NRT, Malinau : Turnamen Catur Bupati Malinau Cup (BMC) V 2026 menjadi ajang bagi pecatur daerah menguji kemampuan sekaligus melihat sejauh mana perkembangan permainan mereka. Kompetisi yang berlangsung 7–10 Agustus itu ditutup dengan penyerahan medali kepada para pemenang di Ruang Tebengang, Kantor Bupati Malinau, Senin (10/8/2026).
Wakil Bupati Malinau Jakaria mengatakan pertandingan catur tidak hanya ditentukan oleh kemampuan menjalankan bidak, tetapi juga bagaimana pemain membaca situasi dan menentukan langkah di tengah tekanan pertandingan.
“Dalam pertandingan catur, pemain harus berpikir beberapa langkah ke depan. Jadi yang dilatih bukan hanya teknik bermain, tetapi bagaimana membaca posisi, menyusun strategi, kemudian mengambil keputusan dengan cepat dan tepat,” kata Jakaria saat menutup turnamen.
Menurutnya, pengalaman bertanding menjadi bagian penting dalam perkembangan seorang pecatur. Semakin sering mengikuti kompetisi, pemain memiliki kesempatan untuk mengukur kemampuan, menemukan kelemahan permainan, dan memperbaiki strategi untuk pertandingan berikutnya.
“Kalau ingin kemampuan pemain berkembang, mereka harus sering bertanding. Dari pertandingan itu bisa terlihat bagian mana yang sudah bagus dan mana yang masih harus diperbaiki. Pengalaman seperti itu yang nantinya membentuk kemampuan seorang pecatur,” ujarnya.
BMC V 2026 berlangsung selama empat hari dan menjadi salah satu ruang kompetisi bagi pecatur Malinau. Turnamen tersebut juga diharapkan dapat memperluas pengalaman bertanding pemain sebelum menghadapi kompetisi dengan tingkat persaingan yang lebih tinggi.
Jakaria mengatakan perkembangan pecatur daerah tidak cukup hanya mengandalkan turnamen sesekali. Pembinaan perlu berjalan beriringan dengan kompetisi agar pemain yang memiliki potensi dapat terus berkembang.
“Turnamen seperti ini perlu terus ada karena menjadi tempat pemain menguji hasil latihan. Tetapi setelah pertandingan selesai, pembinaan juga harus berjalan. Dari sini kita bisa melihat siapa yang punya potensi dan bagian apa yang masih perlu ditingkatkan,” katanya.
Ia menilai pecatur Malinau memiliki peluang untuk berkembang lebih jauh apabila mendapat pembinaan dan pengalaman bertanding yang konsisten. Karena itu, capaian dalam turnamen daerah menurutnya dapat menjadi pijakan untuk menghadapi kompetisi di tingkat provinsi hingga nasional.
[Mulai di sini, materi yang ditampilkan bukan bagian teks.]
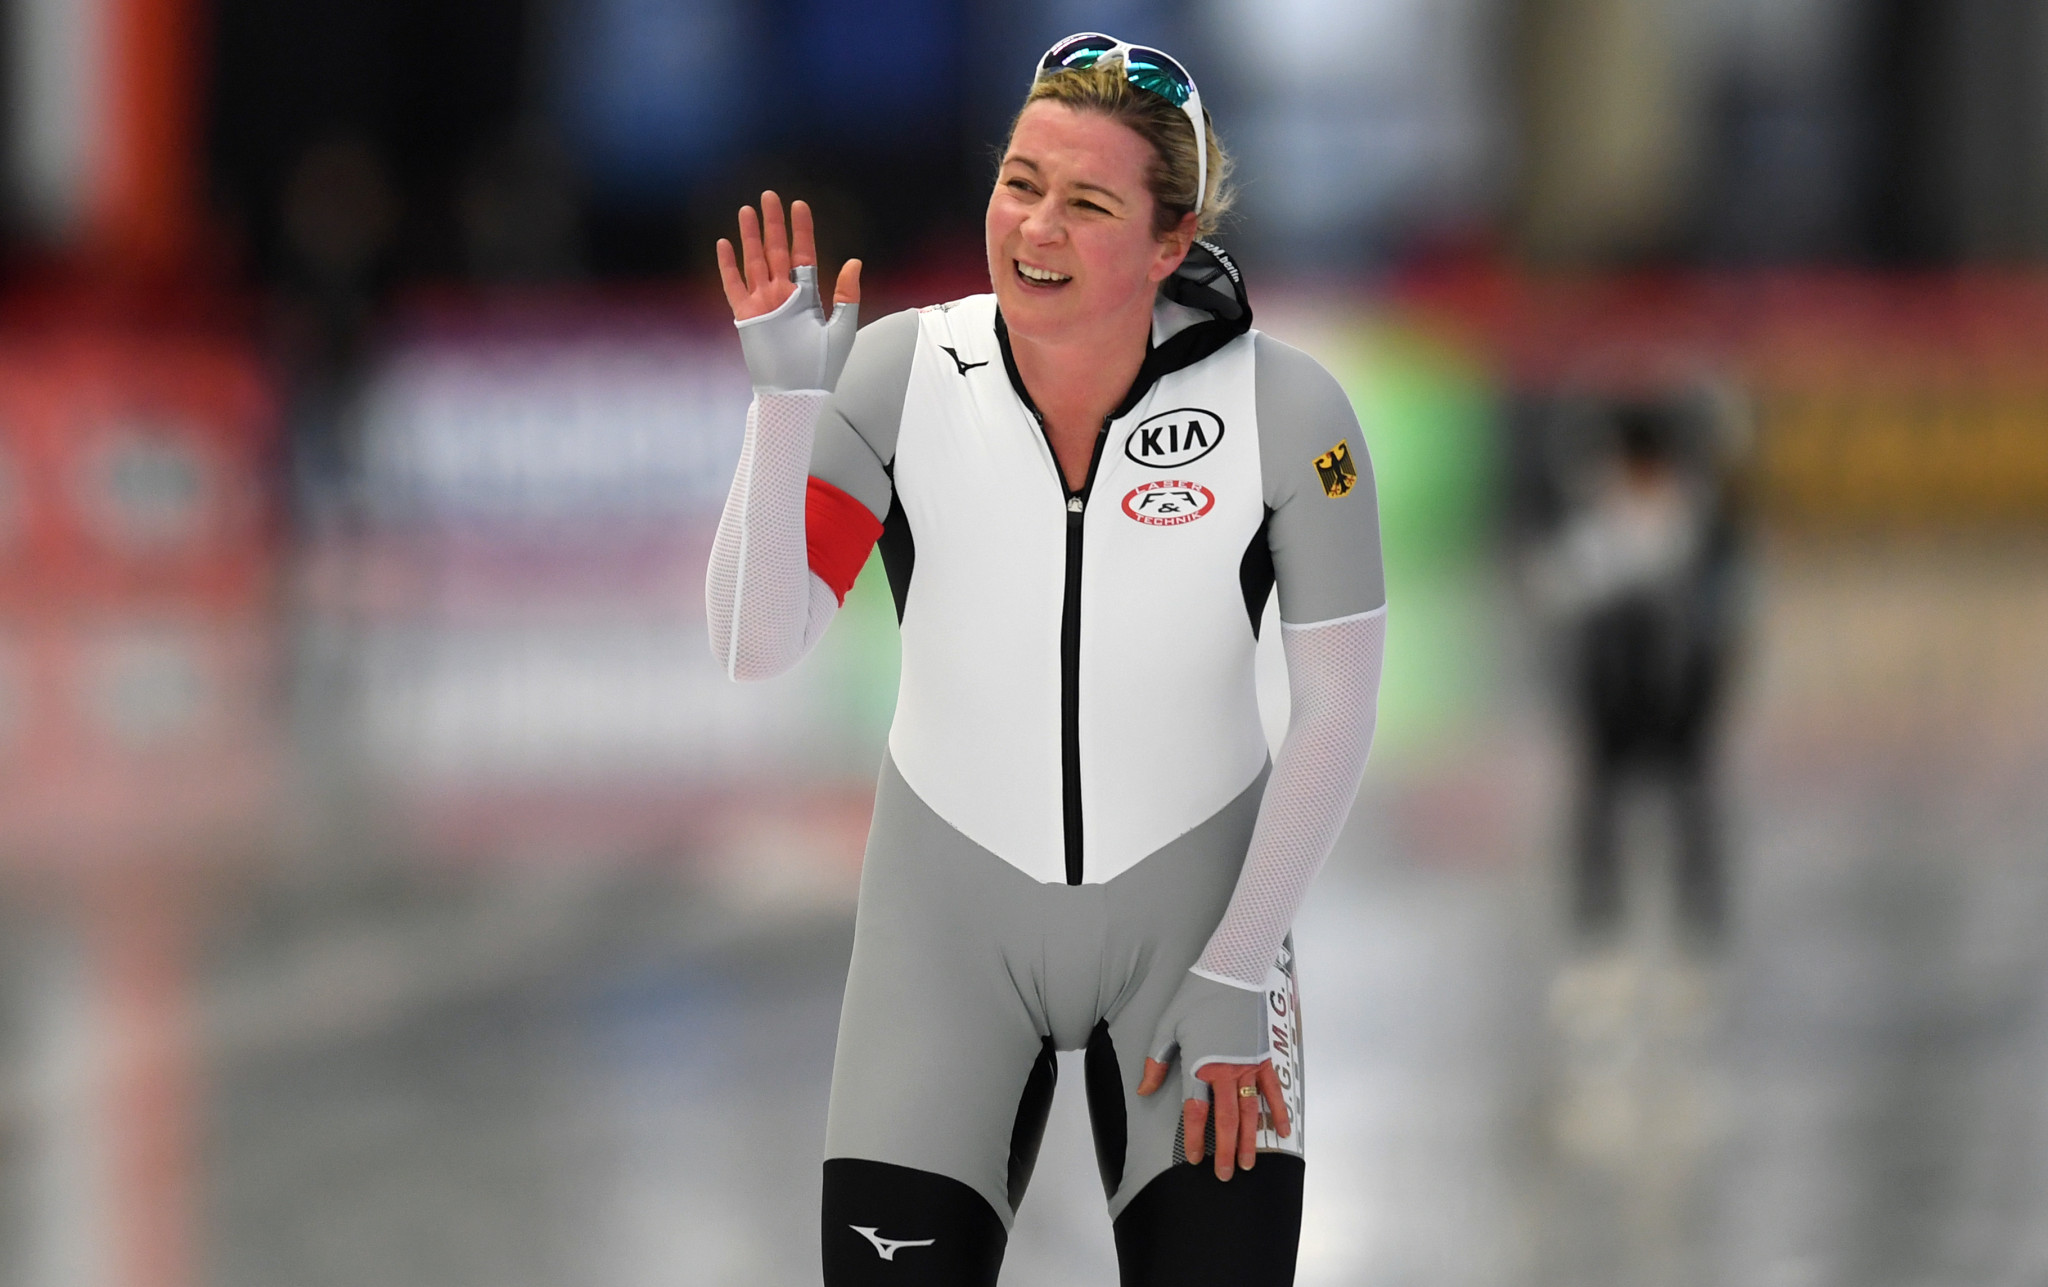 Claudia Pechstein has qualified for her eighth Olympics ©Getty Images

“Jangan berhenti setelah mendapatkan hasil di tingkat daerah. Kalau kemampuan terus diasah dan pengalaman bertanding ditambah, tentu ada peluang untuk bersaing di level yang lebih tinggi. Yang penting pemainnya mau terus belajar dan mengikuti kompetisi,” ujar Jakaria.
Pembinaan catur di Malinau selanjutnya akan melibatkan KONI dan Persatuan Catur Seluruh Indonesia (PERCASI). Keberlanjutan turnamen menjadi salah satu upaya untuk menjaga ruang kompetisi sekaligus menemukan pemain-pemain yang memiliki potensi untuk dikembangkan.
Jakaria mengatakan penyelenggaraan BMC diharapkan tidak berhenti pada satu edisi. Evaluasi dari turnamen tahun ini dapat menjadi bahan untuk memperbaiki penyelenggaraan dan pembinaan pada kompetisi berikutnya.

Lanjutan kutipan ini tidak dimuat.